The issue regarding drug resistance is remarkably similar to the area of infectious disease because it is also challenged by highly proliferating intrinsic or extrinsic aggressors. So, comparing what happened with antimicrobial therapy, the first chemotherapeutics (such as nitrogen mustard [34] and aminopterin [35]) used in patients showed initial success; however, this initial excitement vanished because the results started showing that even though tumors went into remission rapidly, they acquired resistance, and the result was the disease relapsed. To overcome the resistance to single-agent chemotherapy, another approach was performed; without surprise it was taken from the rulebook of antimicrobial therapy [36] and so it combined the administration of agents with non-overlapping mechanisms of action, or polychemotherapy. The results showed that this approach worked particularly well in several forms of lymphoma, breast cancer as well as testicular cancer [37,38,39].
In cancer therapy, polychemotherapy has become a new paradigm and enabled the development of increasingly complex regimens. Additionally, several different methods to dose intensity [40], as well as shorter-interval administrations of chemotherapy [41,42] or even higher doses of chemotherapy [41] with growth factor support to avoid continued bone marrow suppression, revealed an improvement of success of these therapies by avoiding early regrowth of tumors. At the turn of the century, approximately 50 years after its introduction, the advances accomplished with polychemotherapy had plateaued. It was observed that surgery, radiotherapy as well as polychemotherapy were certainly insufficient to treat various tumor types. Therefore, new therapeutic strategies started to be developed aiming to target the key enabling characteristics as well as the obtained abilities that allow cancer cells to transform normal cells and tissues into malignancies. The emergence of therapies that disturbed these hallmark characteristics [43,44] in which targeted therapies are included was a step forward towards cancer treatment. In fact, the elucidation of the biological characteristics of cancer has led to highly efficient therapies against tyrosine kinases, nuclear receptors, as well as other molecular targets. The first successful results of estrogen receptor (ER) and androgen receptor (AR) antagonists, in addition to BCR-ABL, HER2 and EGFR inhibitors, resulted in an enormous attempt to develop agents that target oncogenes as well as critical cellular weaknesses.

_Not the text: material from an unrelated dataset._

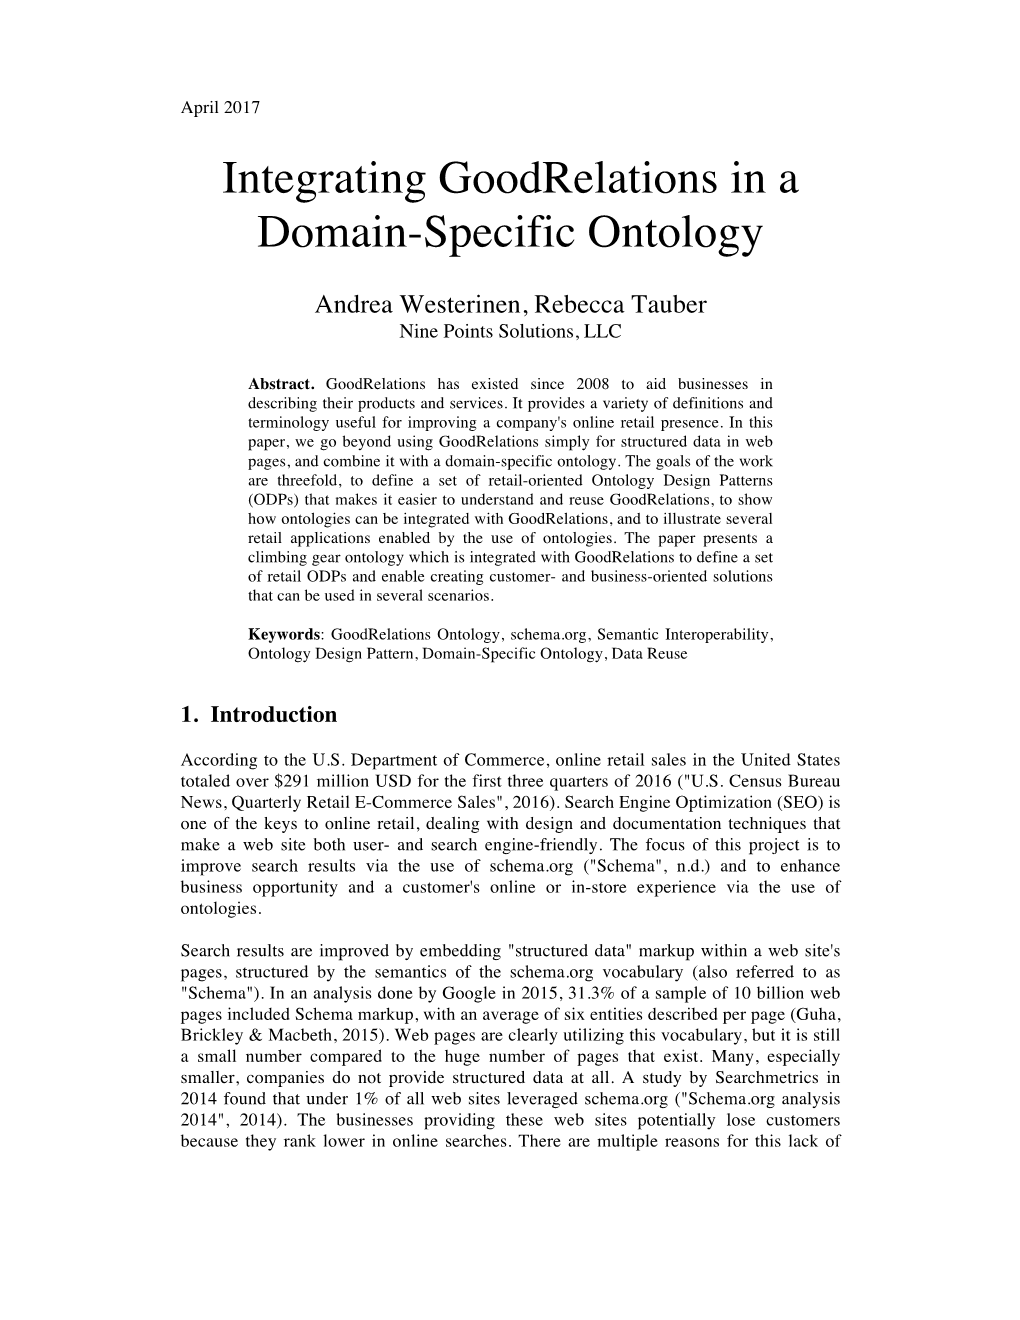 Integrating Goodrelations in a Domain-Specific Ontology

In recent years, there was a new advance in oncological therapy using immunological methods to identify and attack cancer. There are monoclonal antibodies such as anti-CTLA4 [45] and anti-PD-1/PD-L1 [46] that impair negative regulators, or checkpoints, of the adaptive immune system, leading to significant antitumor activity—and even cures—in different tumor types [47].
Previously, using the typical chemotherapy treatment, some resistance was observed, and this is also verified in targeted and immunological therapies, so it continues to be highly frequent. This is where the correlations regarding cancer and infectious diseases can differ: combination therapy usually results, for instance, in disease becoming unnoticeable in HIV or treated in tuberculosis; however, in metastatic cancers, this ends up being the exception instead of the rule [48]. As expected, cancer is a more complex biological disease [49].

3. The Human Microbiome

Microbes begin to colonize our body at early stages of fetal development, particularly in the 2nd trimester, in which reduced levels of microbial signals may be identified in the fetal gut, skin, placenta, as well as lung tissue [50]. Nevertheless, the first main colonization episode in early life occurs at birth, in which the form of childbirth molds the neonate microbiome constitution to be similar to either a vaginal or skin microbiome [51]. Afterwards, our microbiomes are molded by external influences including diet, lifestyle, as well as surrounding biological diversity [52]. Our microbiome constitution changes with age. In early newborn life, breastfeeding allows the vertical transmission (mother to child) of bacteria. Consequently, neonates reveal a microbiome constitution similar to their mother’s milk [53].
There are trillions of microbes inhabiting the human bodies and a co-evolution exists between humans and microbes, so they created mechanisms to be admirably adapted to the host physiology that is in constant change [54]. Despite most of these microbes reside inside our gut, different groups of microbes are also present in most body parts, in which the brain may be included; however, recent evidence is not conclusive [55]. The microbiome of every body part has different aspects in terms of population dynamics as well as the variety of microbial species [56]. This site-specific variety and dynamics may be considered as a health indicator [57]. Studies have made it possible to establish that the microbial environment in the human body is essential regarding health preservation by their association with the nutrient absorption, the immune system, as well as different metabolic pathways. Therefore, in a symbiotic state, host–microbe relations counteract invading pathogens and avoid tumor formation [58].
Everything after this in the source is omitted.